Everything’s Bigger in South Africa
South Africa is the type of destination that doesn’t sit back and let its riches casually woo you. Instead, it’s more of an “in your face” destination in the best possible way.
The wildlife in South Africa is massive, a place where elephants roam the savannah and whales breach along the coast. The metropolises are modern and bustling, ready to engage your senses in a multitude of ways. The people flash easy smiles that are as warm as the biggest hugs your grandma ever gave you. And the vistas are utterly spellbinding, whether you’re standing atop Table Mountain, going for a game drive in Kruger National Park or sipping a pinotage in the expansive vineyards of the Cape Winelands.
Add in balmy weather that means you’ll never have to pack a winter coat and a fascinating history that is easy to appreciate through the country’s many museums, memorials and cultural landmarks, and you have a destination that rewards explorers of all types. Here are the highlights you can base a vacation on.
When to go: Summer (November to March) brings the best weather for safaris, sunbathing and enjoying the great outdoors. If whale watching tops your list, then the wetter winter period of June to November is your best bet.
Currency: South African rand: $1=ZAR18.41
Language: South Africa has 11 official languages, but English is spoken widely throughout the country.
Companies to Consider: Azamara Cruises, Oceania Cruises, Intrepid Travel, Tauck
Setting the Table
Almost every adventure in South Africa starts in Cape Town, where the international airport gives access to a year-round stream of visitors. Hip, charming and sandwiched between dramatic mountains and the Atlantic Ocean, there’s a lot to stare wide-eyed at here.
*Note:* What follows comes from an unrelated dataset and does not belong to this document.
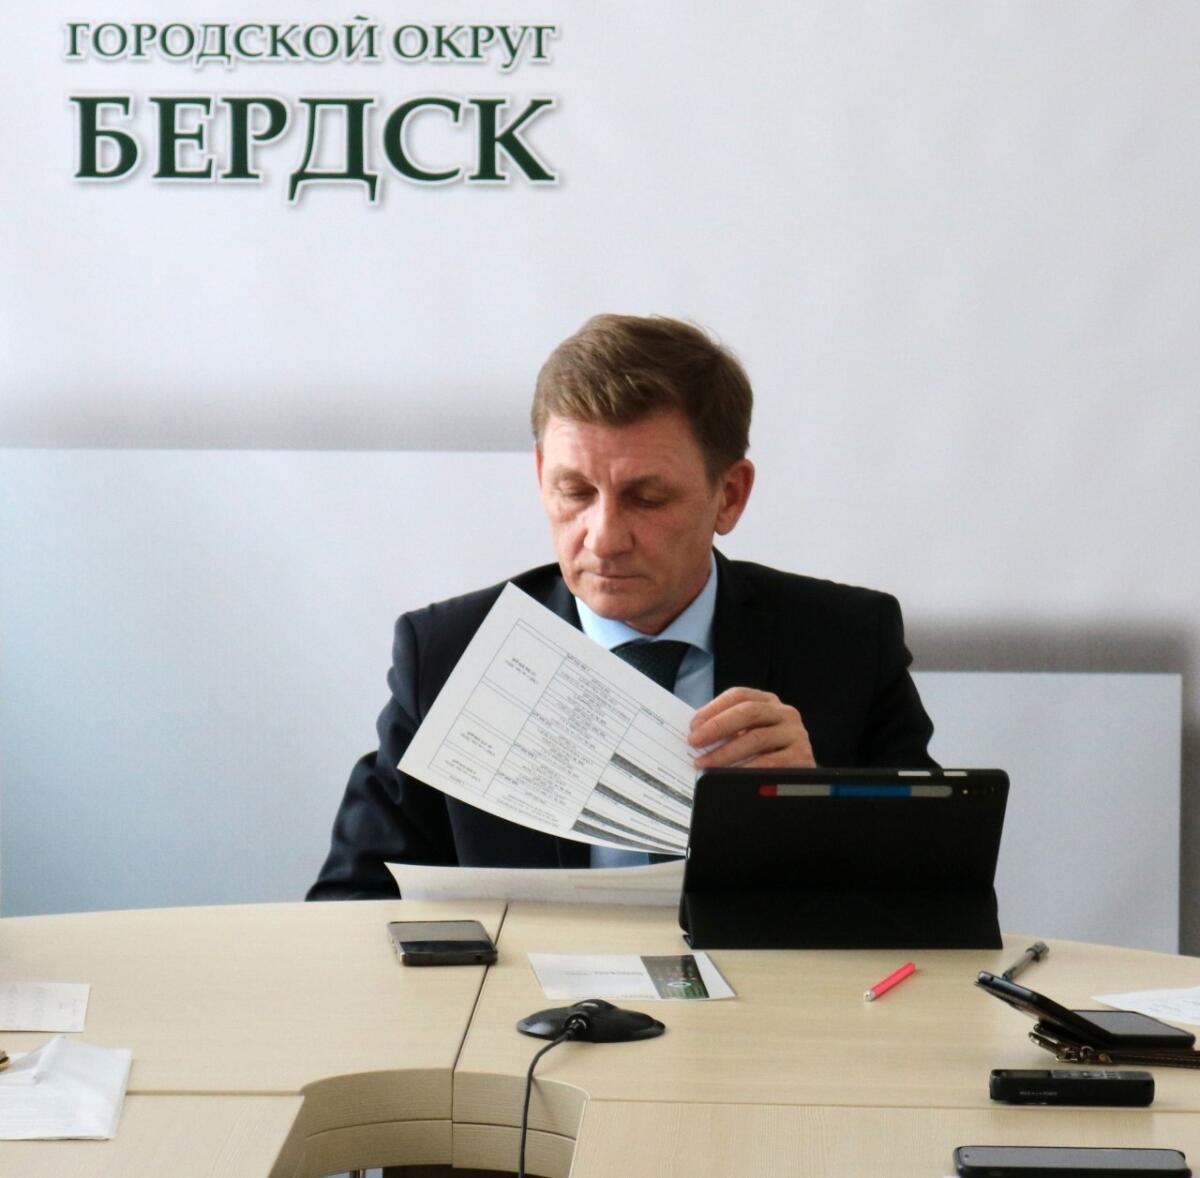 Деятельностью главы Бердска удовлетворены 55% участников опроса правительства региона

First and foremost to catch your eye will be Table Mountain. The iconic landmark towers above the city, a flat-topped guardian cloaked in sweeping cliffs and often crowned in clouds. Ascending the mountain is an absolute must. Fitter humans prefer the 90-minute hike to the summit, appreciating the indigenous flora along the way. Most others take the Aerial Cableway, a gentle five-minute ride that will have you spinning inside the cable car to take in the mesmerizing views in every direction. From atop, more 360-degree views await. You can see the entire Cape Peninsula from the stunning beaches around Clifton and Camps Bay to the natural amphitheater-shaped area called City Bowl and the towering top of Lion’s Head Mountain.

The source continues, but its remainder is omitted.